══ Data extracts
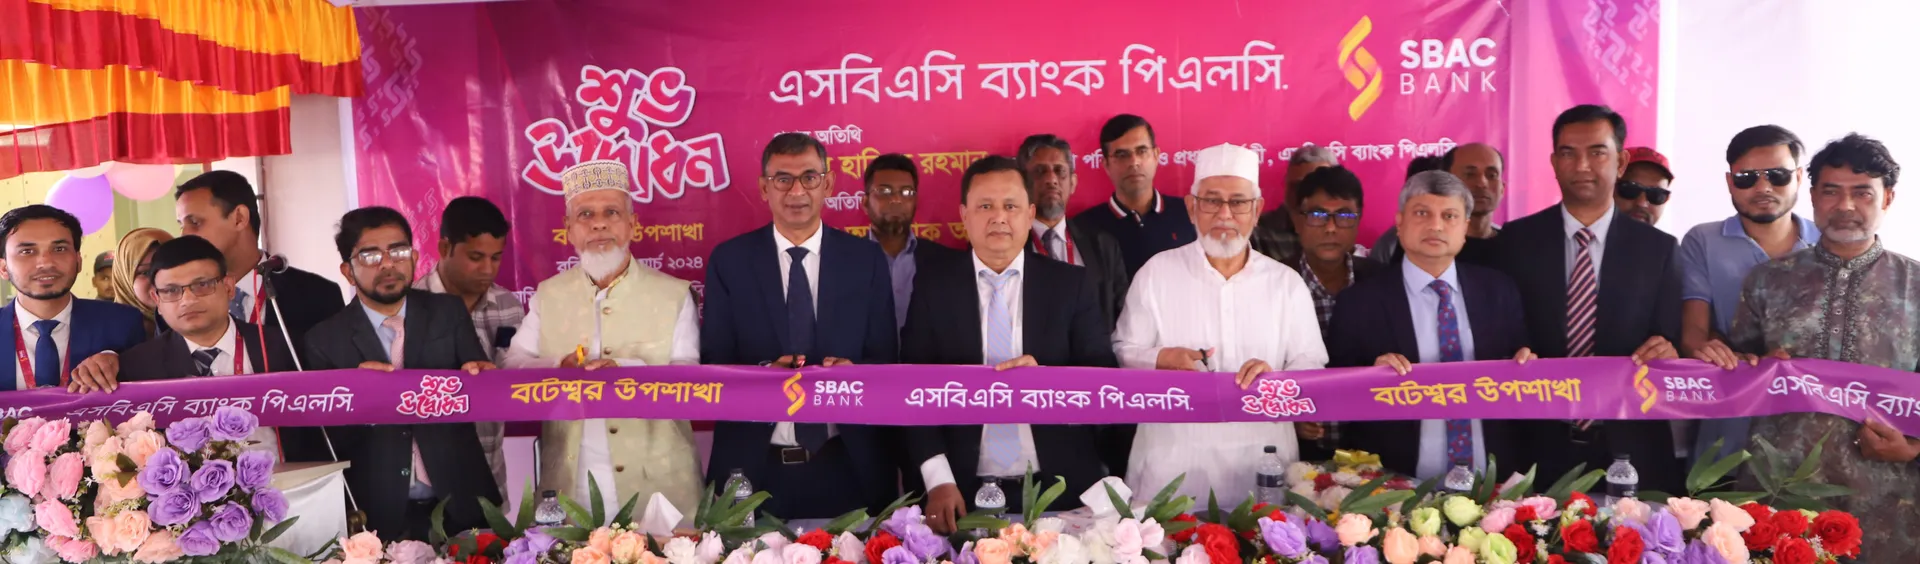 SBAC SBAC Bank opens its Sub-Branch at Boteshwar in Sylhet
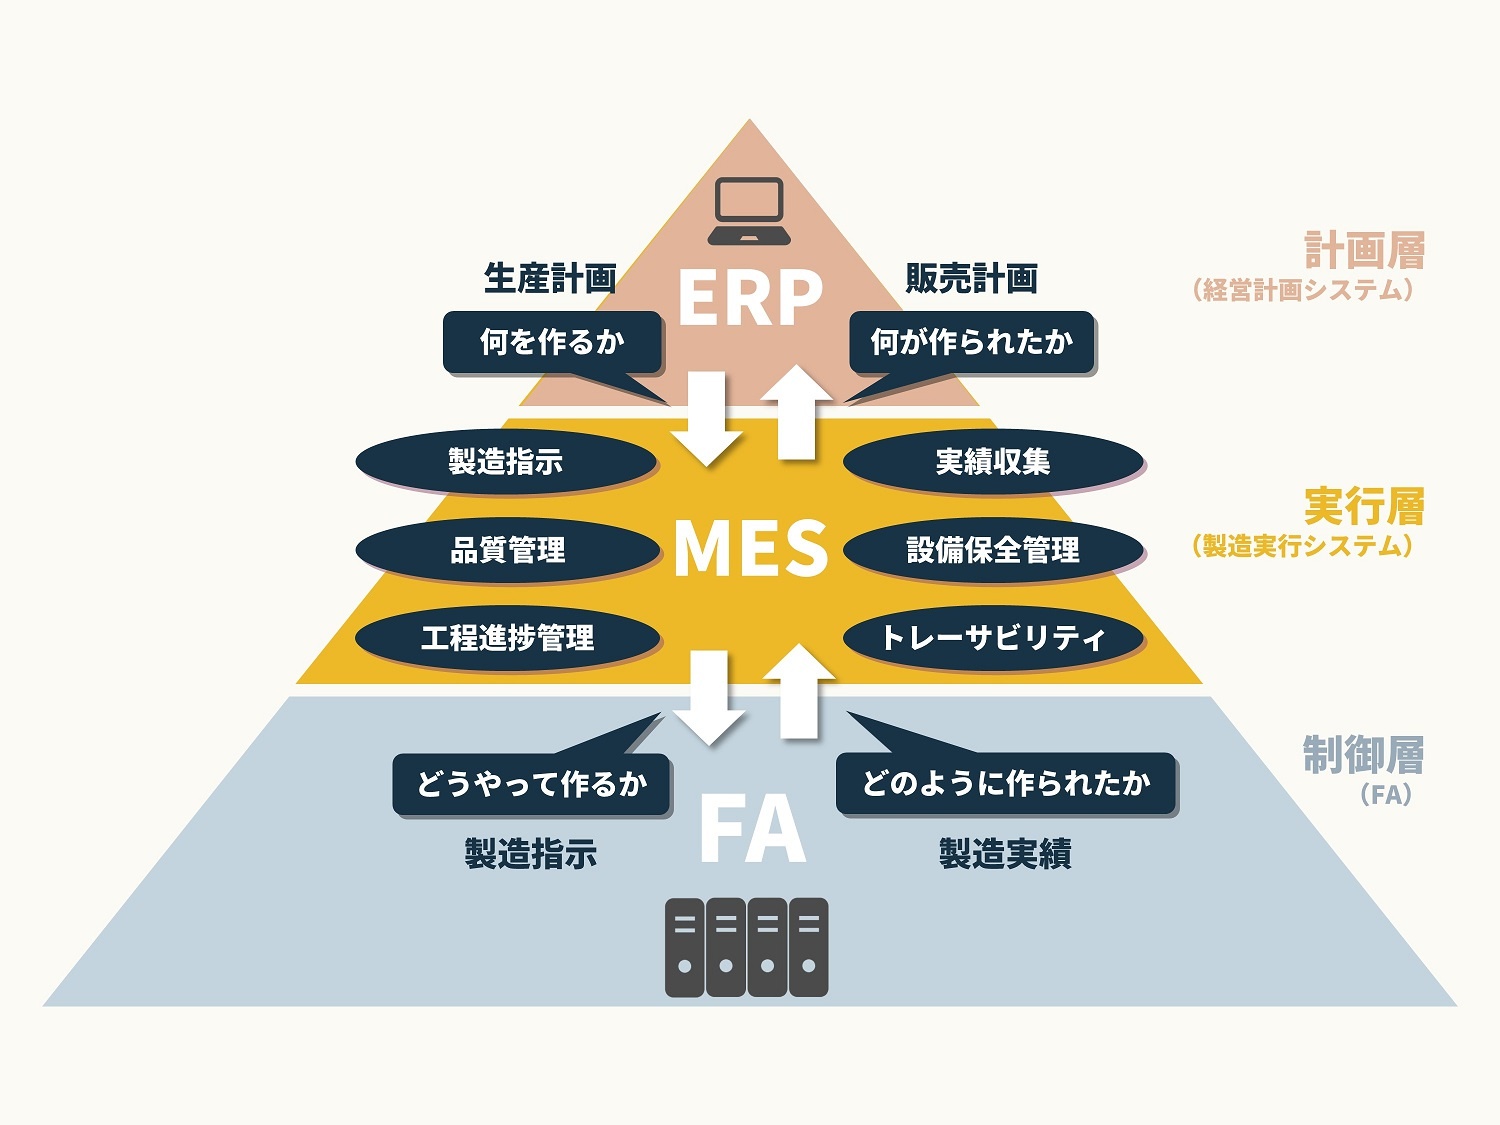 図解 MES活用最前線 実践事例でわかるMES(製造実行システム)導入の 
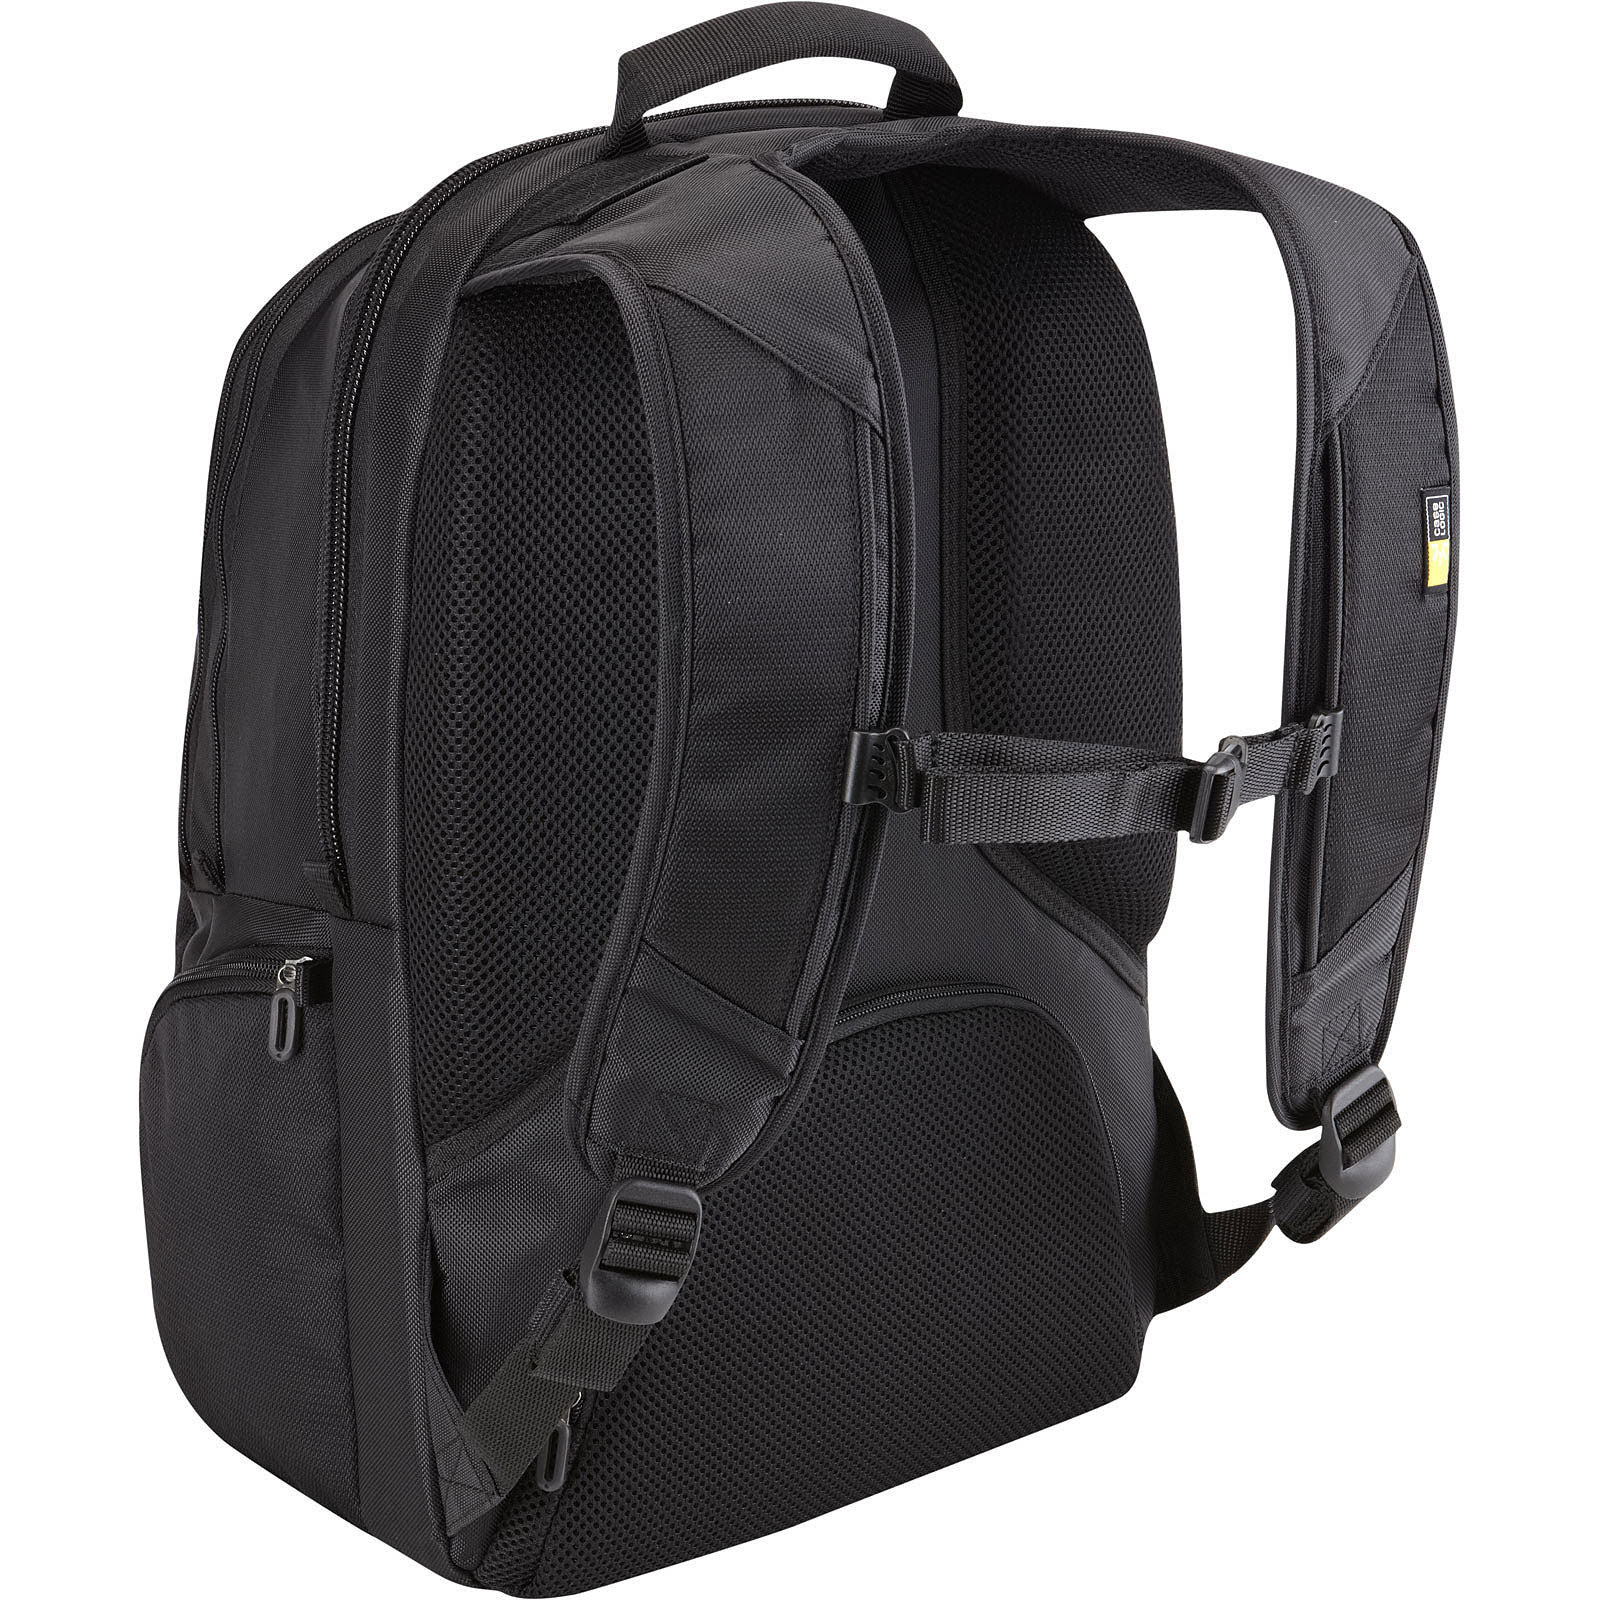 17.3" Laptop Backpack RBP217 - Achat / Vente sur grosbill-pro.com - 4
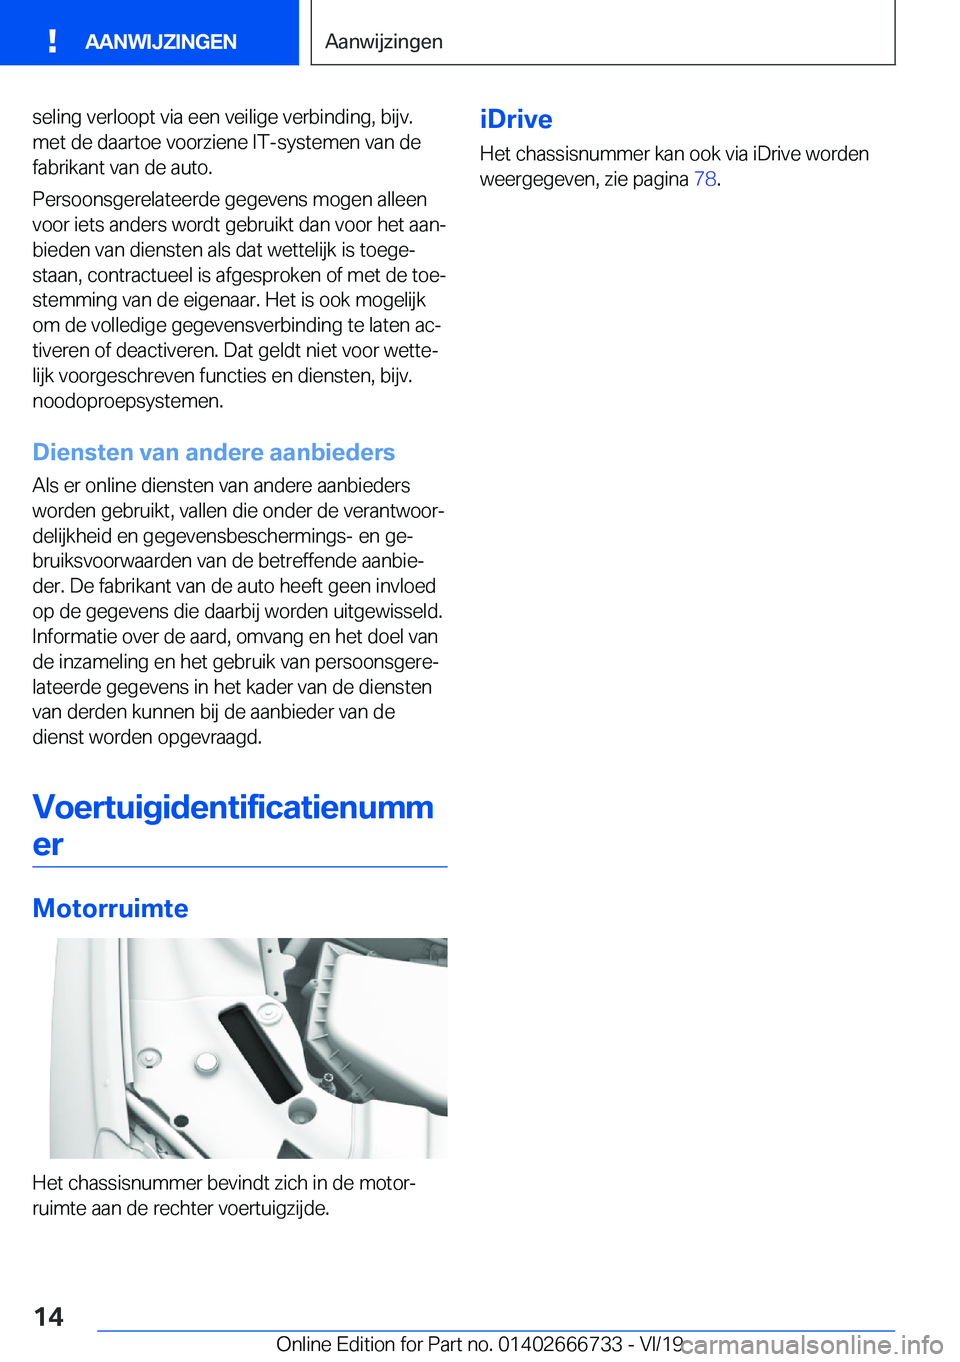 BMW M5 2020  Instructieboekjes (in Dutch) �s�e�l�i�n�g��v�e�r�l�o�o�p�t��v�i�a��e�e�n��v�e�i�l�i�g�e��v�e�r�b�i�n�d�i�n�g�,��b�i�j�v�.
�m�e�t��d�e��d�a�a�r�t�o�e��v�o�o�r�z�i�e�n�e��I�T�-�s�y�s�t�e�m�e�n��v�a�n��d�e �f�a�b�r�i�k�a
════
# Problem to solve
Extract all the entries word for word; omit any pictures.

# Your solution
 SBAC SBAC Bank opens its Sub-Branch at Boteshwar in Sylhet
 図解 MES活用最前線 実践事例でわかるMES(製造実行システム)導入の 
 17.3" Laptop Backpack RBP217 - Achat / Vente sur grosbill-pro.com - 4
 BMW M5 2020  Instructieboekjes (in Dutch) �s�e�l�i�n�g��v�e�r�l�o�o�p�t��v�i�a��e�e�n��v�e�i�l�i�g�e��v�e�r�b�i�n�d�i�n�g�,��b�i�j�v�.
�m�e�t��d�e��d�a�a�r�t�o�e��v�o�o�r�z�i�e�n�e��I�T�-�s�y�s�t�e�m�e�n��v�a�n��d�e �f�a�b�r�i�k�a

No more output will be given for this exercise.